Tag Archives: Obamacare

Why do so many people oppose Obamacare and why isn’t Obama willing to fix it?

This article from National Review provides a simple overview of a few of the main problems with Obamacare.

I’ll just highlight a few of the points in the article.

Higher health care costs, higher health insurance costs, higher taxes:

Under ACA, health-care spending is expected to rise significantly, even beyond the usual inflation in medical prices. President Obama’s economic advisers originally had calculated that the bill would reduce health-care spending by $200 billion a year, from whence the president derived his intellectually indefensible conclusion that the bill would save the average family of four some $2,500 a year. Recently, the Centers for Medicare and Medicaid Services calculated that ACA will not reduce health-care spending at all and will instead add about $70 billion per year in the immediate future. Estimates of the program’s expense keep growing. It will spend more than originally estimated, it will tax more than originally estimated, and its vaunted deficit-reduction benefits have been evaporating at a pace suggesting that, as many predicted, they will never come to pass. In 2010, CBO projected that ACA would reduce the deficit by $140 billion through 2019; today that projection is a mere $4 billion. The estimated tax increases in the bill have doubled.

It discriminates against men by forcing them to subsidize women’s health care:

The difference between the increase in men’s rates and those in women’s rates is one of the more naked bits of ideology apparent in the bill. Women spend considerably more on health care than men do, and hence have paid higher health-insurance premiums. The architects of the ACA decided that this was not permissible, and so by fiat eliminated the difference, meaning a disproportionate increase in men’s rates. Likewise, because there can be only so much difference permitted in prices paid by the young and the old, the young will pay much higher rates.

Employers are forced to make full-time employees work part-time:

[The employer mandate creates a] powerful economic preferences for part-time workers. By mandating coverage for those working 30 hours or more, the employer mandate makes part-time workers that much more attractive to businesses, a fact not lost on President Obama’s erstwhile supporters in organized  labor. “The ACA will shatter not only our hard-earned health benefits, but destroy the foundation of the 40-hour work week that is the backbone of the American middle class,” reads a joint letter from the major labor unions.

It creates incentives to not marry and to not work:

And in an especially clumsy move, the program’s architects have designed the income limits on its subsidies as hard cutoffs rather than gradual phaseouts. For example, as Ed Driscoll points out, a married couple earning $62,040 would face a $10,000 penalty for earning $1 extra — unless they get divorced. That’s a very high effective marginal tax rate. Likewise, a married couple with two children with $93,000 in joint income would pay far more for insurance than they would if they divorced and custody were granted to the lower-earning spouse. So while the employer mandate creates a disincentive to hire, the high penalties for extra income create a disincentive to work — hardly the thing that’s called for in a period of high joblessness and record welfare dependency.

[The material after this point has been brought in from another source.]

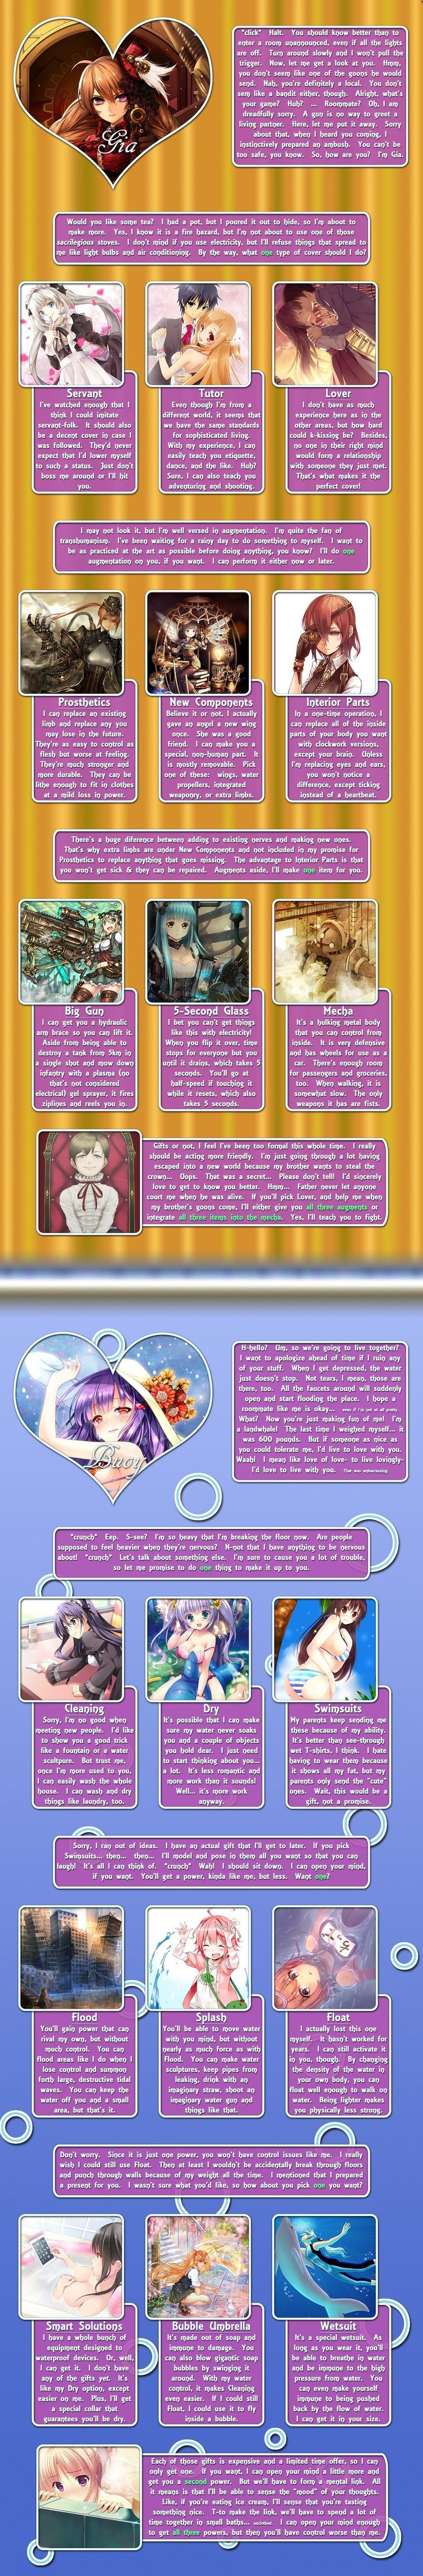 Branching Heart CYOA From tg Anime Cyoa Dead king King

That’s enough – read the article for many, many more. And the article doesn’t even cover all the problems, although some of my previous posts (like this one) have talked about these other problems that weren’t mentioned in the National Review article. And there are even ethical problems, like the abortion drugs coverage mandate and the fact that pro-life taxpayers will be subsidizing abortions from day one. I could go on, but I’ll try to keep this post short.

So what is Obama doing about the problems in his policy? The Republicans have asked him to delay the individual mandate for a year, and to make Congress give up their exemption from Obamacare – a law they passed themselves!

The Wall Street Journal explains Obama’s response to the problems in his health care policy.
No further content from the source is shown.